Getting across the pool to Jenny seemed to take for ever. Tag leapt out of the water to breathe, and the nearby children blinked as a red shape appeared in front of their eyes and plunged back in, with scarcely a splash.
After what seemed an age, but was actually only a few seconds, Tag was beneath Jenny, pushing her back up to the surface with all his strength. She was waving her arms and legs, but her movements were weak and she didn’t seem to know which way to go. He got her to the surface and held her there as hard as he could. He could feel her body jump as she gasped and coughed. He himself was getting short of breath, but he had to keep supporting her. Why was no one else helping?
In fact, there was a lot going on at the side of the pool that Tag didn’t know about. People had seen Jenny splashing and sinking and had called the lifeguard. He had run round the pool towards Jenny, and even now was reaching down to her with his long pole.
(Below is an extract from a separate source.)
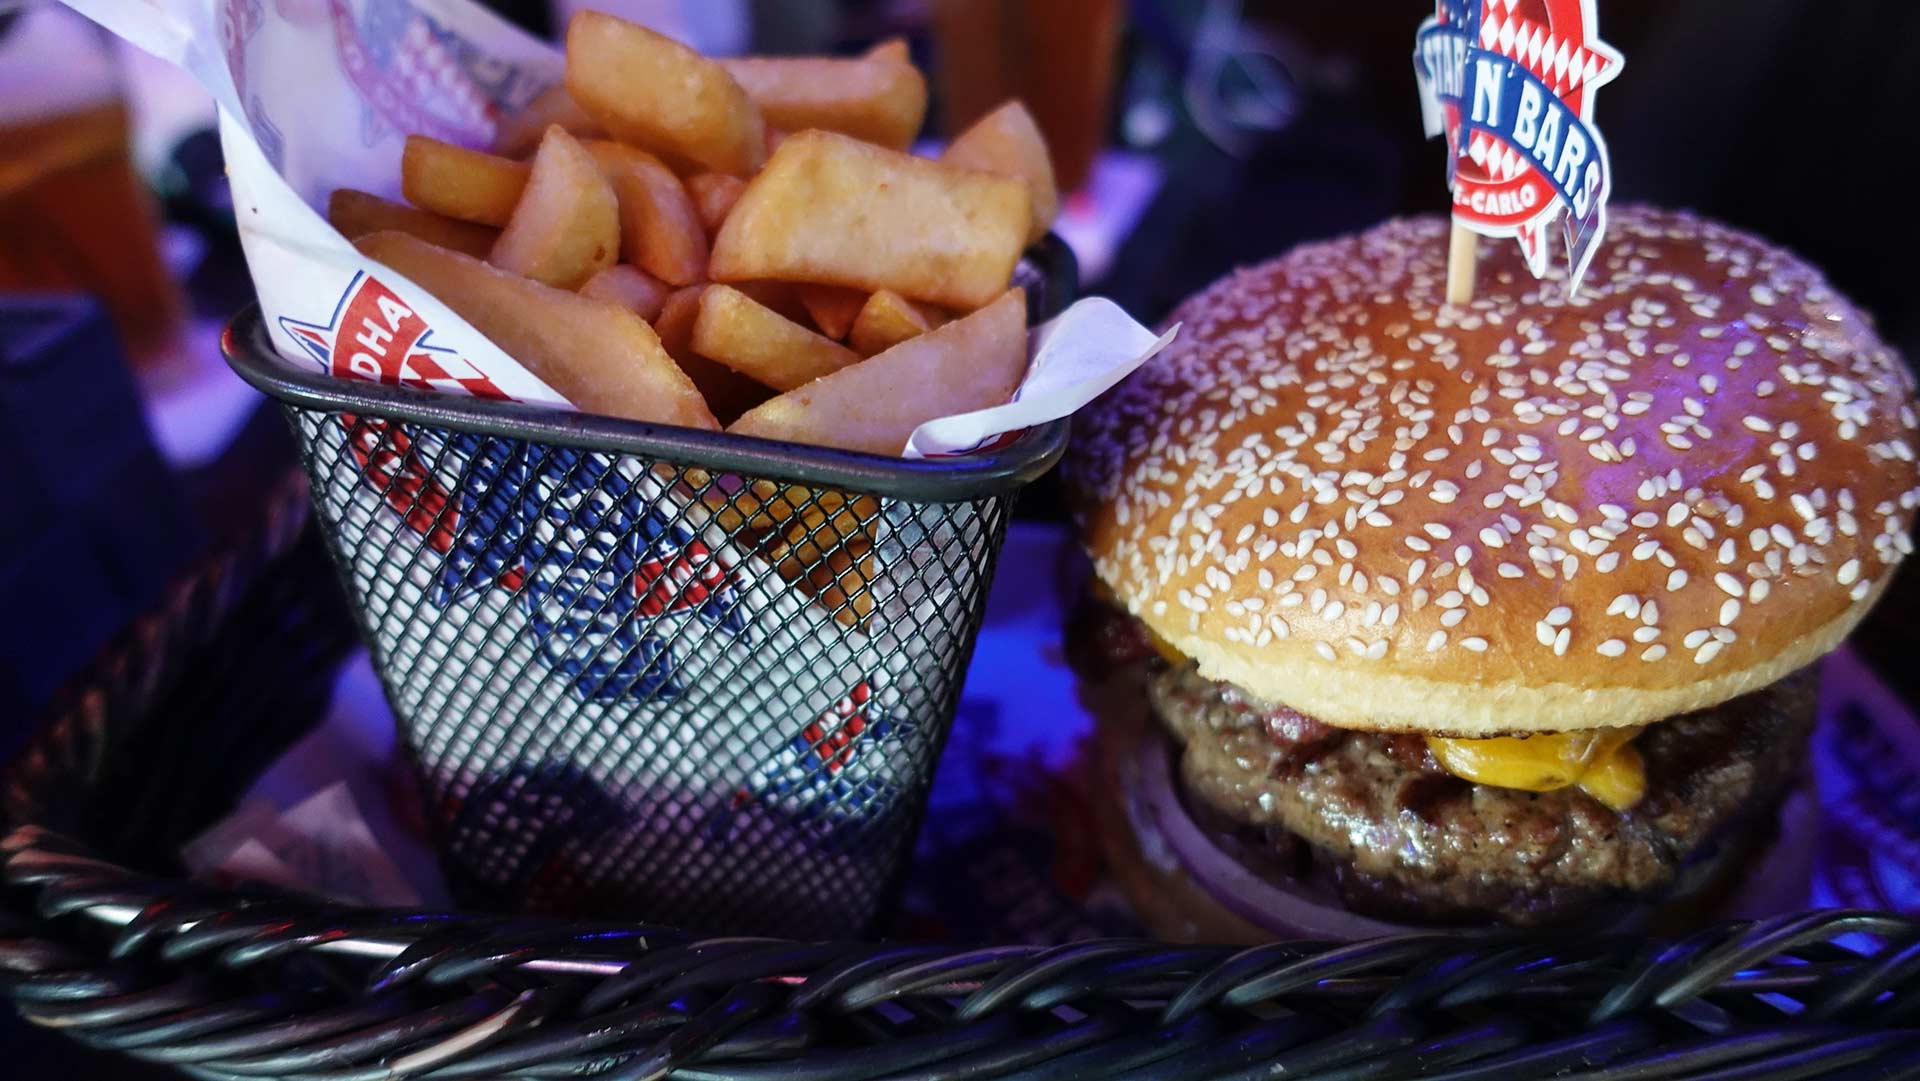 Stars N Bars - Abu Dhabi, UAE - Bacon Cheese Burger & Steak Fries

Something hard and smooth pushed Tag roughly out of the way as the hook on the pole went round Jenny’s body, and the lifeguard pulled her towards the steps. Tag bobbed to the surface and watched as she was hauled out and made to lie down at the side of the pool.
David came racing round the end of the pool, sliding and slipping. “Is she all right?” he asked, breathlessly.
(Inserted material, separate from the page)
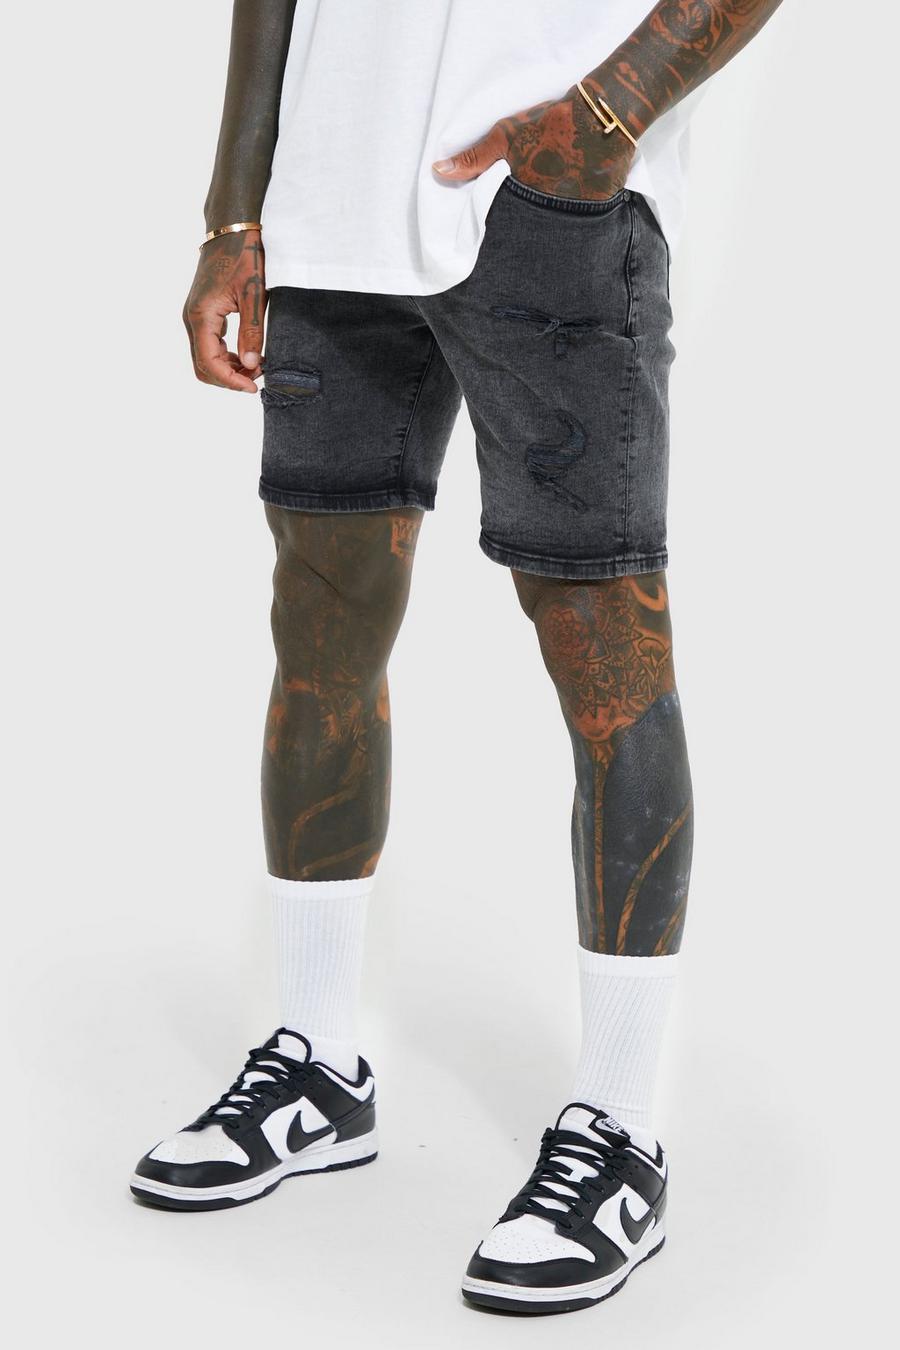 פחם gris שורט סקיני מבד ג'ינס נמתח עם קרעים וטלאים

Jenny was lying there, her eyes streaming with pool water and tears.
“She’s fine,” replied the lifeguard, “but we’ll just keep her here for a few minutes.” He kept chatting until Jenny seemed ready to sit up.
The lifeguard hadn’t noticed the boys jumping in on top of Jenny, and when her colour started to return he gently warned, “You really shouldn’t be in so deep if you’re not a strong swimmer.”
David was annoyed. “She’s a brilliant swimmer,” he said.
“In that case,” replied the lifeguard without looking up, “she should concentrate on swimming instead of playing with her toys and ending up in trouble.”
“What toys?” asked David.
“That blow-up dragon that you’ve all been playing with all afternoon,” said the lifeguard. “If I had my way you wouldn’t be allowed to bring toys in here. When I was pulling her out it was floating at her side. That one – the one under your arm,” he added, as he looked up and caught sight of Tag, who had jumped out of the pool and come to David.
Their argument was interrupted by the sound of Jenny beginning to cry.
“You’d better go home,” added the lifeguard, more kindly. “How did you get here?” David didn’t want to admit that they were there on their own. It had seemed OK while they were enjoying themselves, but now he rather wished that Mum and Dad were nearby. He went off to get the locker keys, and the lifeguard led Jenny away towards the changing rooms.
“Did you have a nice swim?” asked Mum when they got home. “Oh dear, your eyes look very red. Did the water sting them?”
David and Jenny decided not to say that Jenny had needed rescuing, but they paid Tag a lot of attention that evening, rubbing his special oil on to his skin so that it shone. Jenny made him a tiny medal, and popped it round his neck on a ribbon. It said “Life Saver”.